K-mer/G-mer length considerations:

* G-mer length refers to the size of the window from which to pick a minimizer. The larger the window, the fewer minimizers will be chosen overall, resulting in a smaller database. However, this can cause a loss of sensitivity since fewer k-mers overall will be saved.
* K-mer length refers to the size of the minimizer to be saved in a window size specified by the g-mer length. In general, larger k-mers result in greater specificity while shorter k-mers result in greater sensitivity. However, this general statement can be proven wrong by the specifics of an application and we recommend trying a few different g-mer and k-mer lengths to determine what works best for a given sequence type and application.
* As a general rule, we recommend starting with a g-mer length of 35 and k-mer length of 31.
* Pre-built database k-mer/g-mer length settings for reference:
  * Very large collection of NCBI Refseq genomes and the entirety of the NCBI nucleotide (nt) database (more than 2 Terabases of sequence): g-mer length of 41 and k-mer length of 31. Compressed version built with g-mer length of 64 and k-mer length of 31. This results in a database with less than half the storage requirements.
  * Subset of reference genomes from Refseq with a focus on viral detection: g-mer length of 35 and k-mer length of 31
  * Collection of 16S sequences for bacterial identification / profiling: g-mer length of 31 and k-mer length of 31
  * Uniref90 protein sequences: g-mer length of 15, k-mer length of 12 (these are k-mers of amino acids, not nucleotides)

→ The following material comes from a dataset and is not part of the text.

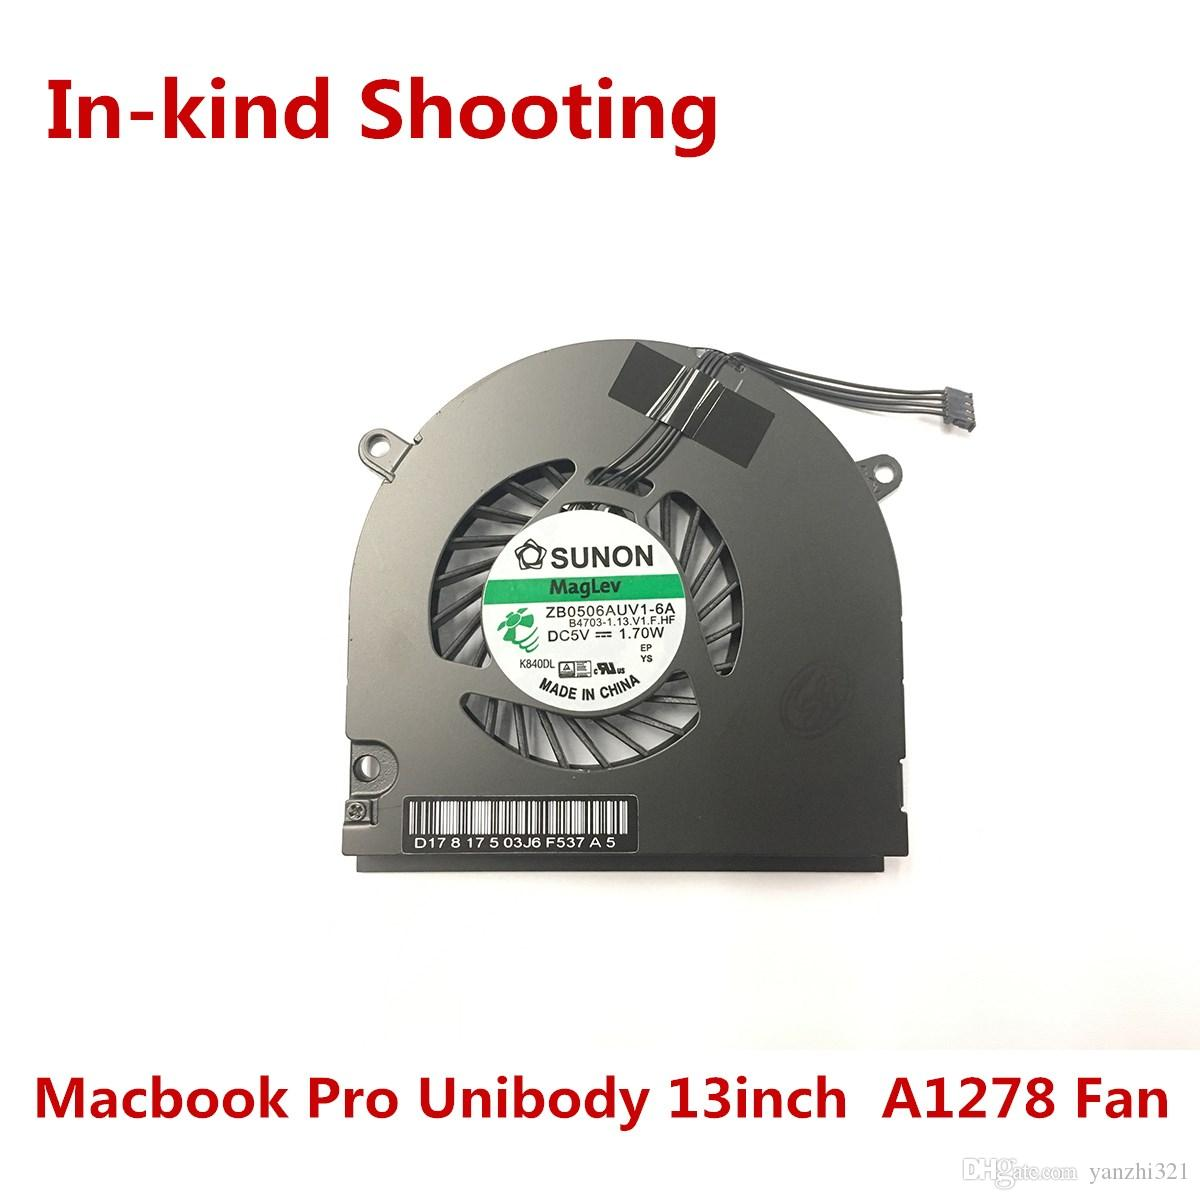 Original NEW A1342 A1278 Fan for Macbook Pro Unibody 13inch 2009-2012year CPU Cooler Fan MB466 MB470 MC375 MB990 MB991 MC700 ZB0506AUV1-6A

Three types of databases can be built with this tool:

* Binner: each k-mer is assigned to a category/bin.
  * Must use `--kmer-class-db-builder-num-categories`.
  * Do not use `--kmer-class-db-builder-tax-tree-file`, `--kmer-class-db-builder-save-weights`, or `--kmer-class-db-builder-kmer-cutoff`.
* Classifier: each k-mer is assigned to one taxid.
  * Must define a taxonomic tree with `--kmer-class-db-builder-tax-tree-file`.
  * Do not use `--kmer-class-db-builder-num-categories`, `--kmer-class-db-builder-save-weights`, or `--kmer-class-db-builder-kmer-cutoff`.
* Classifier with weights: each k-mer is assigned to one or more taxids; associated weights are also stored (frequency of k-mer's association with a taxid). Uses much more memory, but is more accurate.
  * Must use `--kmer-class-db-builder-save-weights` and define a taxonomic tree with `--kmer-class-db-builder-tax-tree-file`.
  * Can use `--kmer-class-db-builder-kmer-cutoff`.
  * Do not use `--kmer-class-db-builder-num-categories`.